◆ EXERCISE ◆
Before you write out the listing, remove the pictures; everything else stays exactly as it is.
START DATA BLOCK
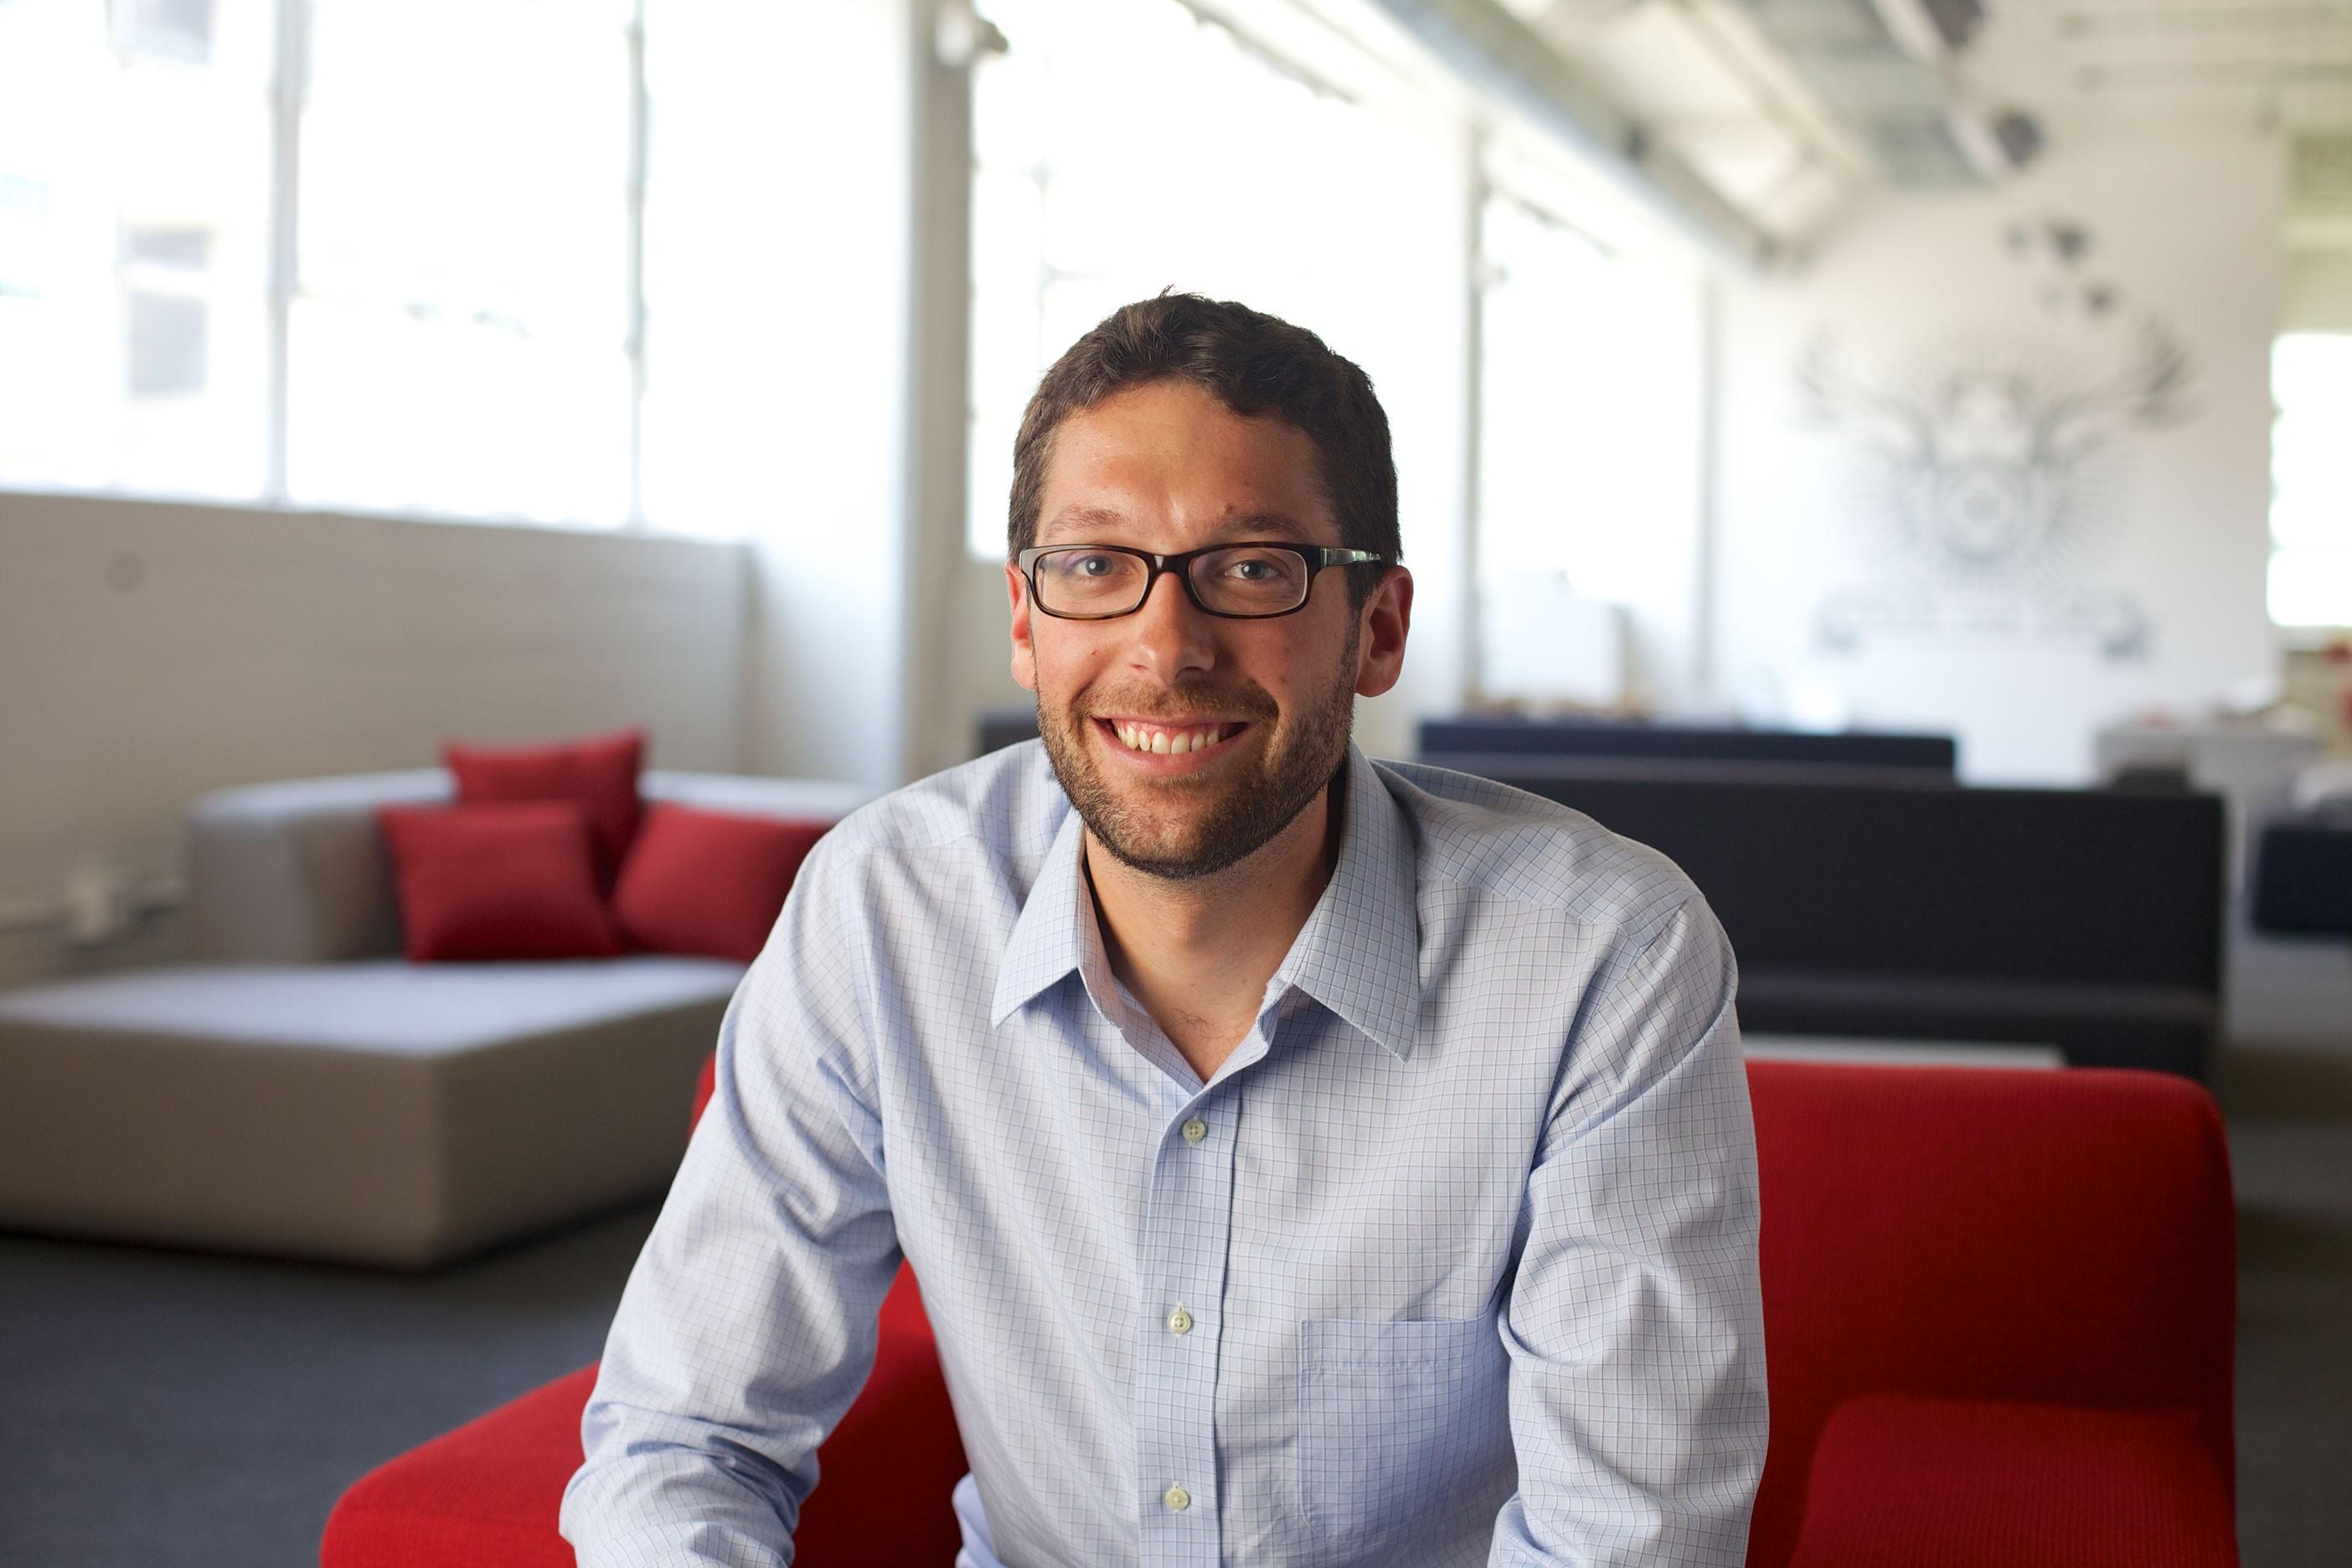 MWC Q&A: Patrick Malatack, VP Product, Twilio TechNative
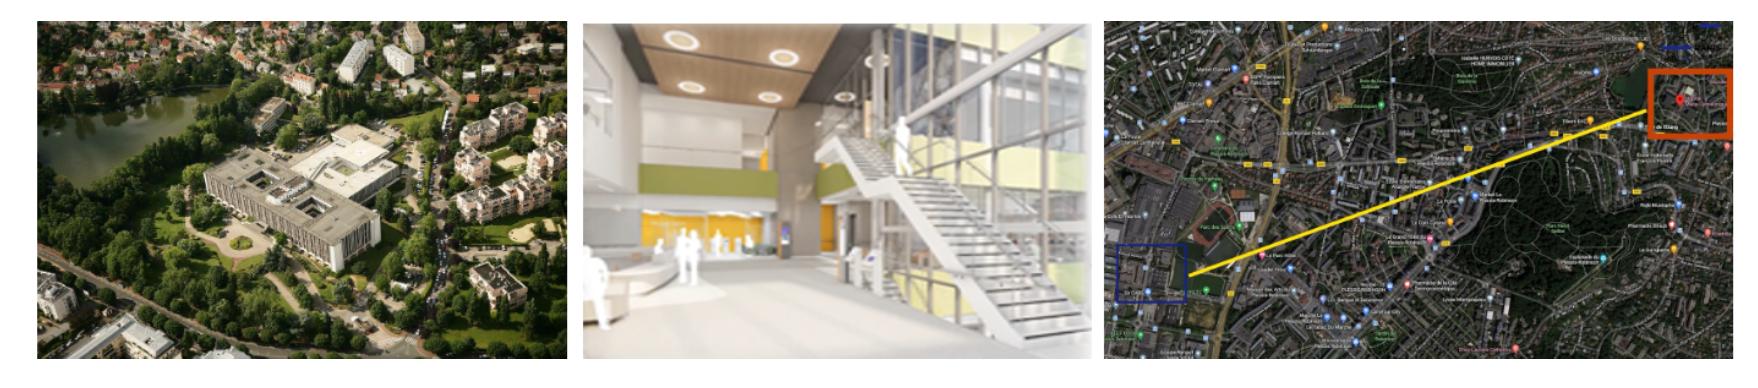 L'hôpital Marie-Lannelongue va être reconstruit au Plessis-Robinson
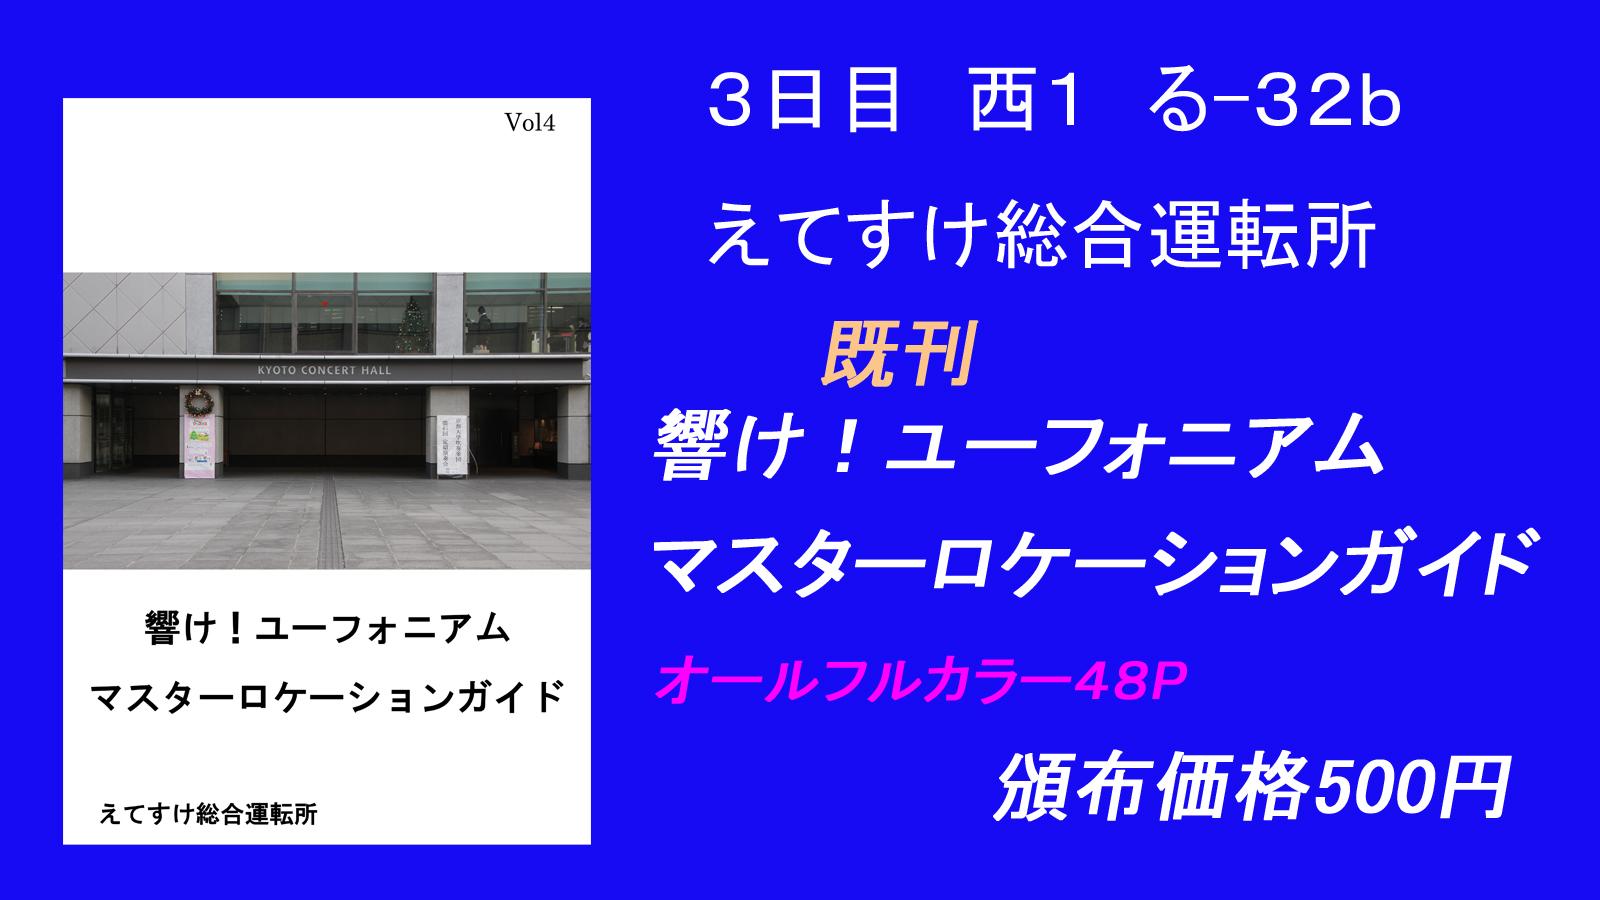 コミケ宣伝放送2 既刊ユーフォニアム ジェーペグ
END DATA BLOCK
◆ EXPECTED OUTPUT ◆
 MWC Q&A: Patrick Malatack, VP Product, Twilio TechNative
 L'hôpital Marie-Lannelongue va être reconstruit au Plessis-Robinson
 コミケ宣伝放送2 既刊ユーフォニアム ジェーペグ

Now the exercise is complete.